If you've forgotten the root user's password you created for your MySQL database, you can reset it.

It's important to note that this user and its password are limited to administrator use. This is not the user or password you should use for everyday use.

Turn off MySQL

If you have any sites or application that rely on MySQL to function, these will stop working until you turn MySQL back on.

You must turn the MySQL service off to reset the root password. The command you use to turn MySQL off varies depending on your Linux distribution.
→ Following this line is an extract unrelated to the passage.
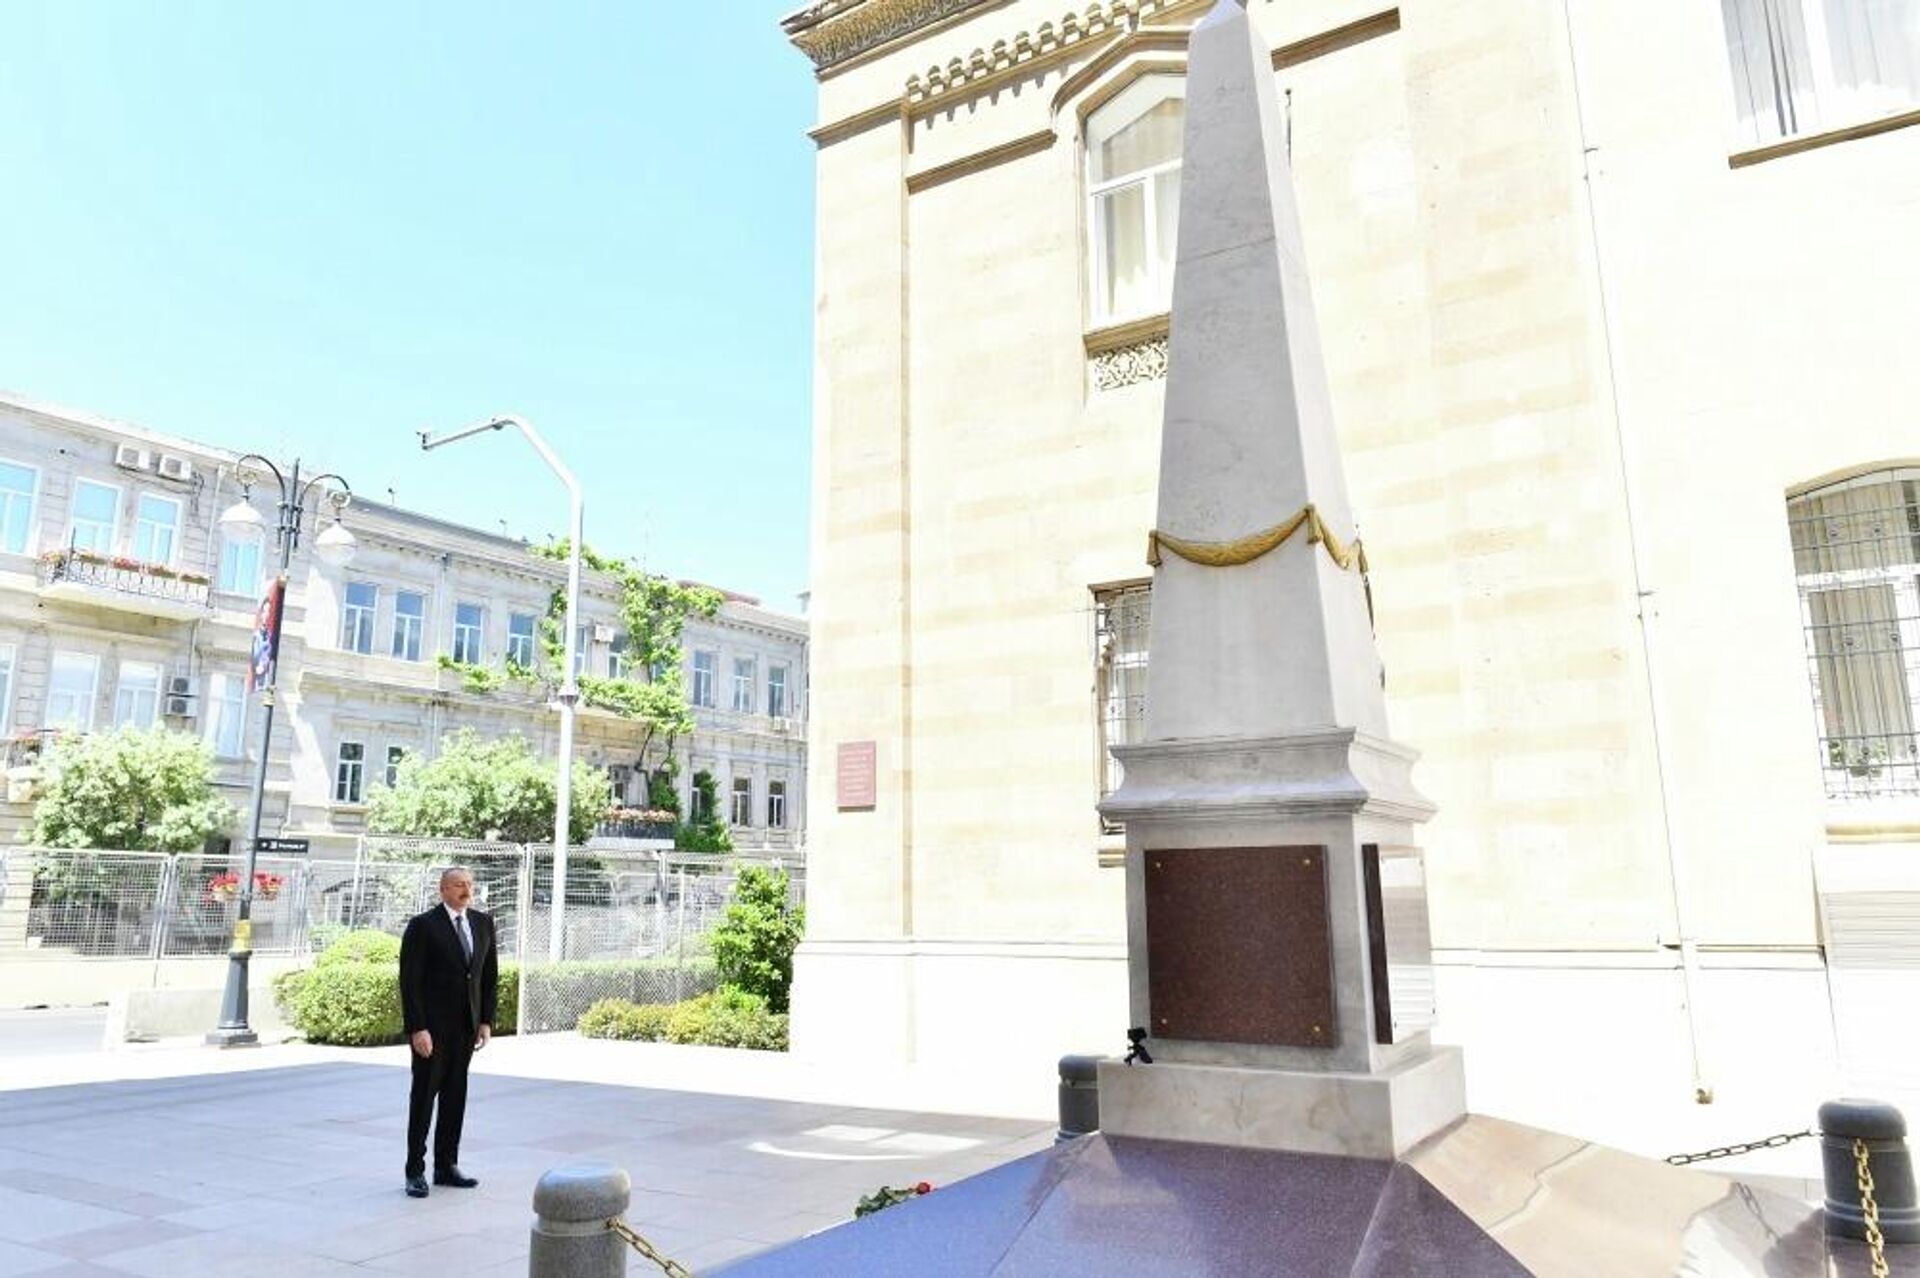 
Президент Ильхам Алиев посетил памятник, воздвигнутый в честь АДР в Баку - Sputnik Азербайджан, 1920, 28.05.2022

Choose the command from the table below for the Linux version you are using:

Distributions Command
Ubuntu, Debian sudo service mysql stop
Fedora, CentOS 6 sudo service mysqld stop
CentOS 7 sudo systemctl stop mariadb.service
Arch Linux sudo systemctl stop mysqld.service

Reset the root password through safe mode

MySQL safe mode lets you change system settings without using the root password.

  1. Start up safe mode
    sudo mysqld_safe --skip-grant-tables
    You may need to type Enter twice.
  2. Log into MySQL as root:
    mysql -u root
  3. Change to the mysql database, which handles the settings for MySQL itself:
    use mysql;
  4. Update the password for the root user:
    update user set password=PASSWORD("the new password you want to use") where User='root';
  5. Refresh the MySQL user privileges:
    flush privileges;
  6. Exit MySQL:
    exit
    If this doesn't work, you can try force the application to quit by pressing CTRL-C on your keyboard.

Stop and Start MySQL

Now that the password has been reset, you need to stop and start the MySQL service.

  1. Stop MySQL. Use the table in the "Turn off MySQL section" to find the command.
  2. Start MySQL:
    Distributions Command
    Ubuntu, Debian sudo service mysql start
    Fedora, CentOS 6 sudo service mysqld start
    CentOS 7 sudo systemctl start mariadb.service
    Arch Linux sudo systemctl start mysqld.service
  3. Connect to MySQL again with your root user:
    mysql -u root -p
  4. Enter your new password.

That's it! You should now be able to log into your MySQL console with the root password.